A year later, he helped launch Green Visor Capital, a venture capital firm focused on early stage fintech companies. “Over the past few years, the changes brought about by the adoption of new technologies has been dramatic and will only accelerate in the months ahead,” Mr Saunders said this year.

In September 2015, Green Visor led a $1.5m investment round in payments start-up Kash, a San Francisco-based start-up that aims to disrupt established credit card networks. As part of that fundraising, Mr Saunders joined the board as chairman.

That same month, Green Visor also participated in the $8m venture financing round for Cloud Lending Solutions, a technology provider to marketplace lenders and other finance companies. Other investments include DataFox, the research and analytics platform, which raised $5m in July.

Hans Morris, former Citigroup banker and ex-Visa president

Hans Morris spent 27 years at Citigroup, rising to become the US bank’s chief financial officer and head of finance, technology and operations for Citi Markets and Banking. He left to become president of Visa from 2007 to 2009 before moving to private equity group General Atlantic in 2010.

In 2014 he founded tech venture capital firm Nyca Partners with a plan to invest $20m-$25m over 18 months in financial technology companies focusing on alternative consumer credit, merchant payment solutions and financial infrastructure software. “We bring together expertise on the financial system with lots of Silicon Valley connections,” Mr Morris said at the time.
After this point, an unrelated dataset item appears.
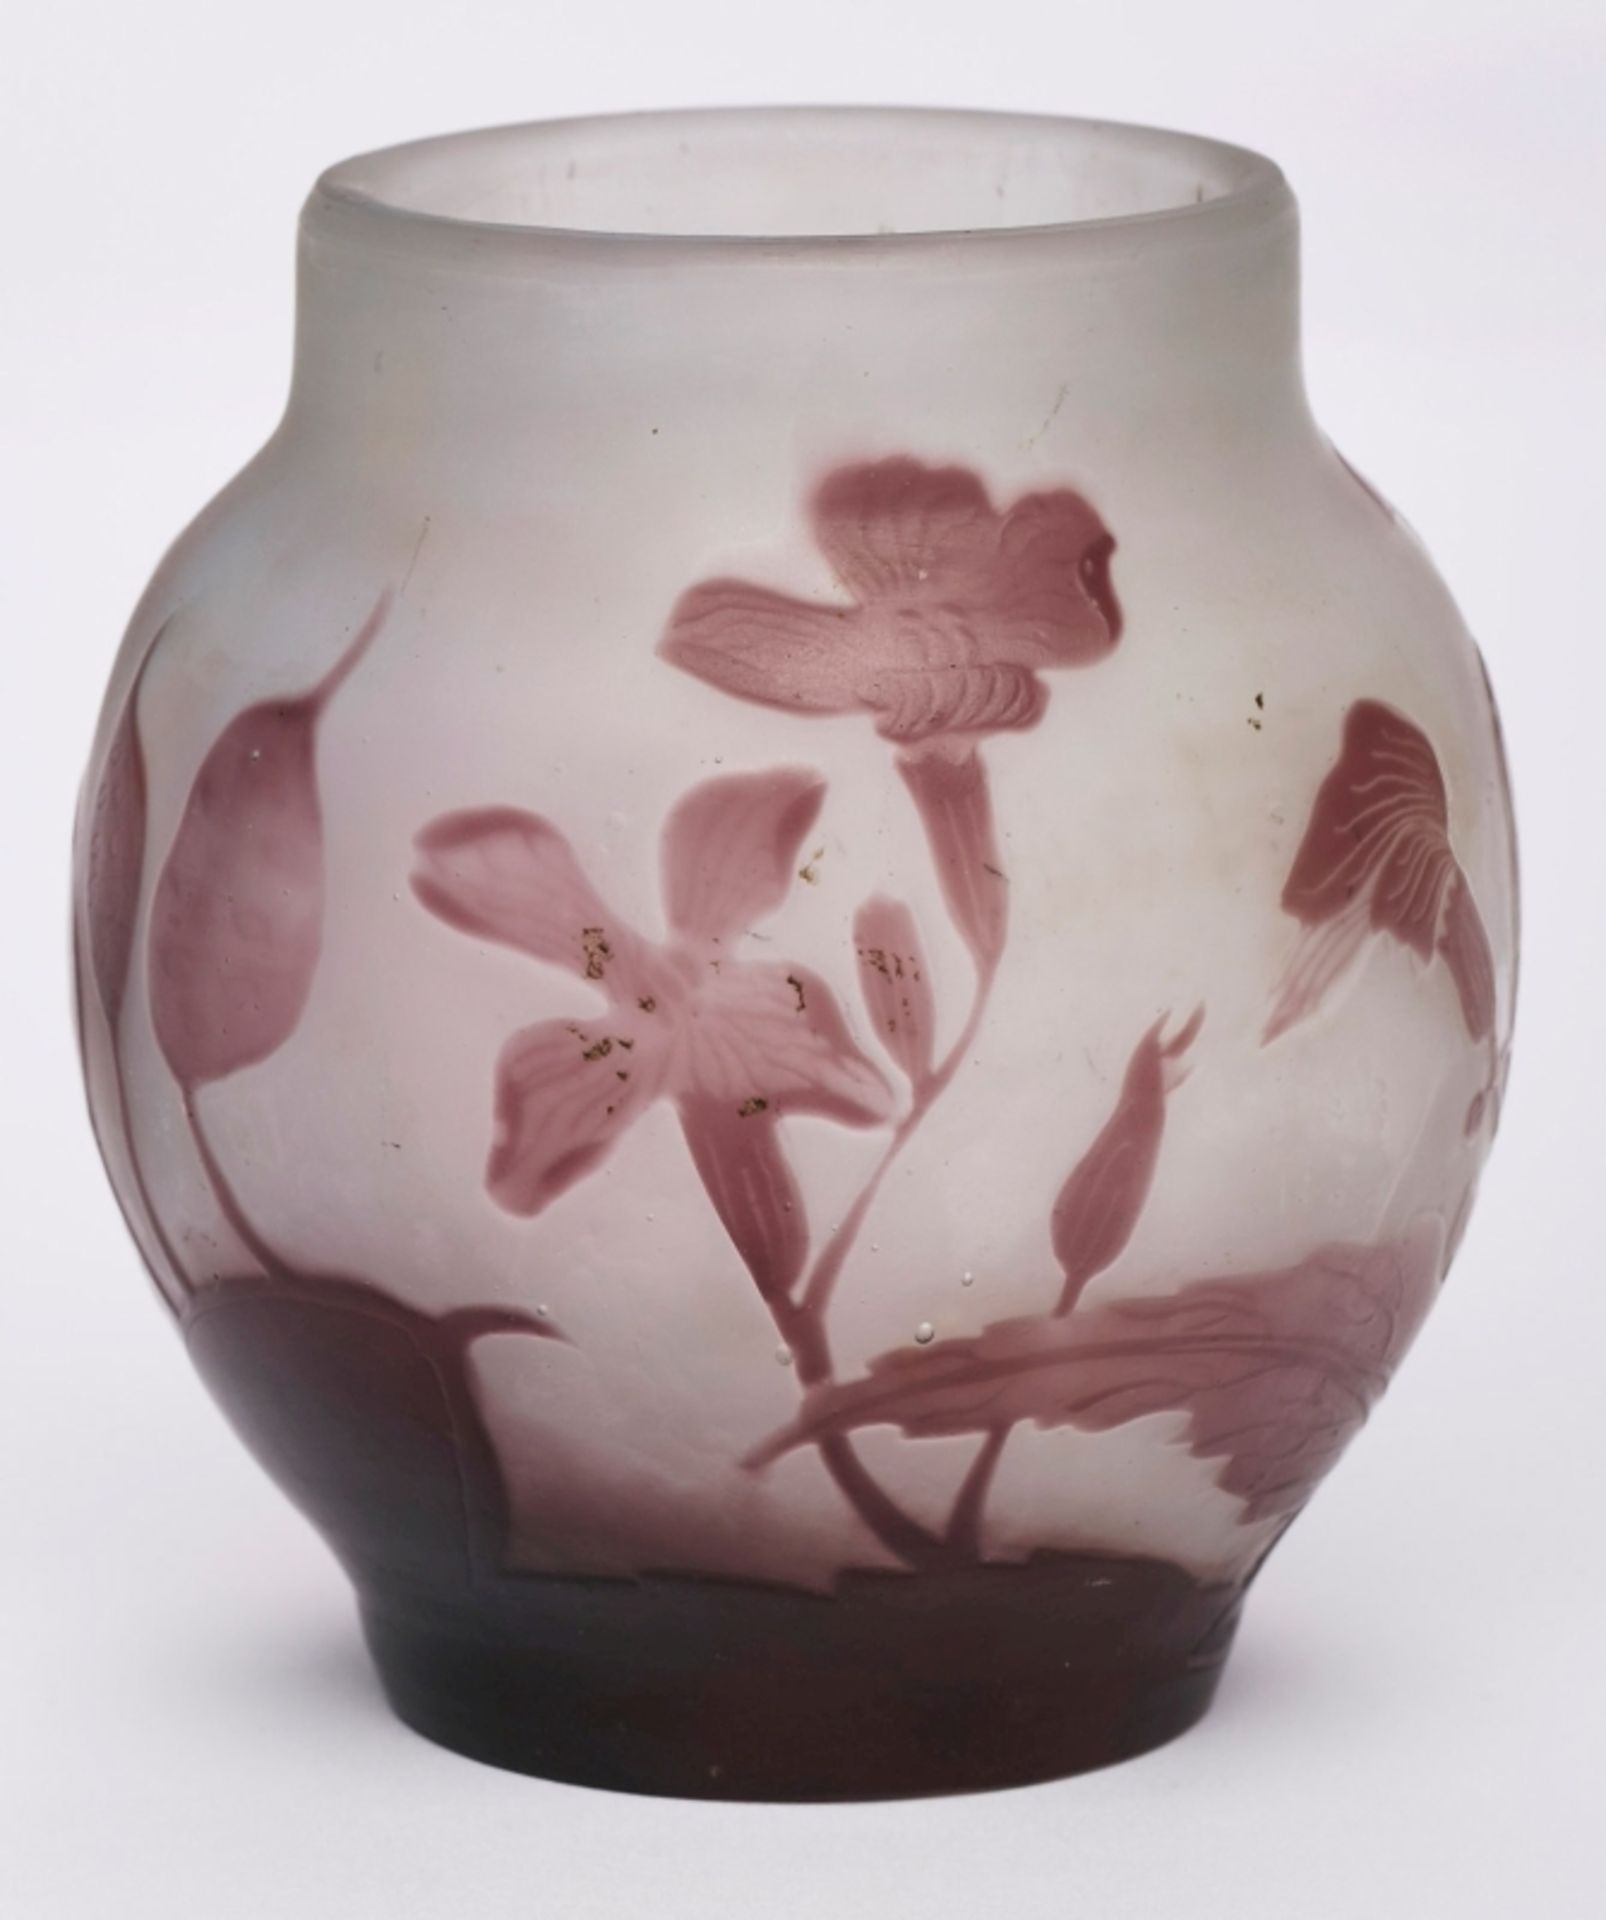 Kl. Vase "Veilchen", Jugendstil, Gallé um 1910.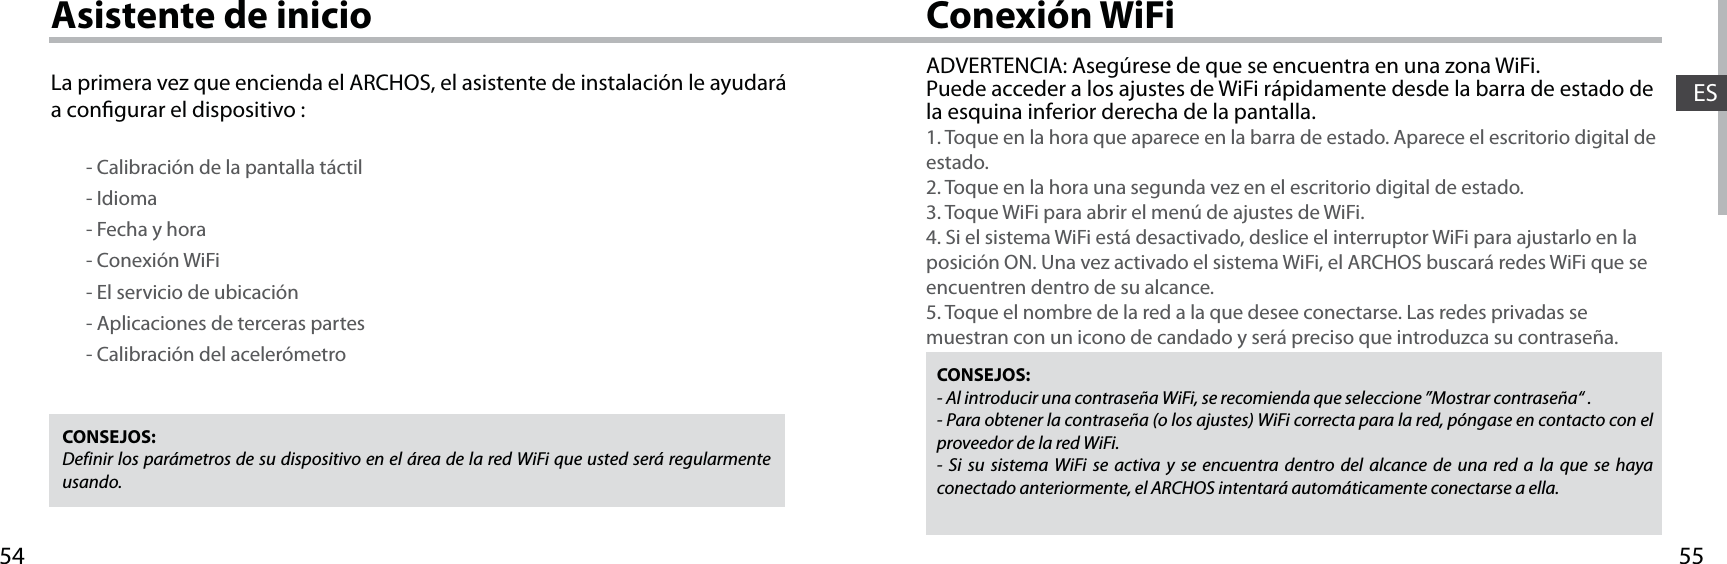 5554ESConexión WiFiAsistente de inicioCONSEJOS: Definir los parámetros de su dispositivo en el área de la red WiFi que usted será regularmente usando.CONSEJOS:- Al introducir una contraseña WiFi, se recomienda que seleccione ”Mostrar contraseña“ .- Para obtener la contraseña (o los ajustes) WiFi correcta para la red, póngase en contacto con el proveedor de la red WiFi.- Si su sistema WiFi se activa y se encuentra dentro del alcance de una red a la que se haya conectado anteriormente, el ARCHOS intentará automáticamente conectarse a ella.ADVERTENCIA: Asegúrese de que se encuentra en una zona WiFi. Puede acceder a los ajustes de WiFi rápidamente desde la barra de estado de la esquina inferior derecha de la pantalla.1. Toque en la hora que aparece en la barra de estado. Aparece el escritorio digital de estado.2. Toque en la hora una segunda vez en el escritorio digital de estado. 3. Toque WiFi para abrir el menú de ajustes de WiFi.4. Si el sistema WiFi está desactivado, deslice el interruptor WiFi para ajustarlo en la posición ON. Una vez activado el sistema WiFi, el ARCHOS buscará redes WiFi que se encuentren dentro de su alcance.5. Toque el nombre de la red a la que desee conectarse. Las redes privadas se muestran con un icono de candado y será preciso que introduzca su contraseña. La primera vez que encienda el ARCHOS, el asistente de instalación le ayudará a congurar el dispositivo :        - Calibración de la pantalla táctil        - Idioma        - Fecha y hora         - Conexión WiFi        - El servicio de ubicación        - Aplicaciones de terceras partes        - Calibración del acelerómetro

In addition, Nyca has invested in Indiegogo, a crowdfunding platform that competes with Kickstarter, and Affirm, a company founded by Max Levchin, PayPal co-founder and former chairman of Yelp, that seeks to create a new way for consumers to apply for short-term credit.

Mr Morris is also an investor alongside Vikram Pandit in CommonBond. He held a $4.3m stake, or almost 290,000 shares, in Lending Club at the time of its IPO and sits on the lender’s board.

Blythe Masters, former JPMorgan banker

A former JPMorgan veteran, Blythe Masters made her name as a pioneer of credit default swaps, the complex instruments which became infamous for helping fuel the mortgage crisis of 2008.

Since leaving the US bank in April 2014, Ms Masters has become one of the most outspoken Wall Street advocates for blockchain, the database technology that underpins the controversial digital currency bitcoin. In 2015, she joined blockchain start-up Digital Asset Holdings as chief executive to create products to streamline slow, paper-based parts of the financial services machinery, such as settlement.

The company has made several acquisitions since the beginning of the year, including buying San Francisco-based Hyperledger and Budapest-based Bits of Proof for undisclosed amounts. In October, Digital Asset Holdings bought Blockstack.io, which aims to provide private blockchain services to the world’s finance industry.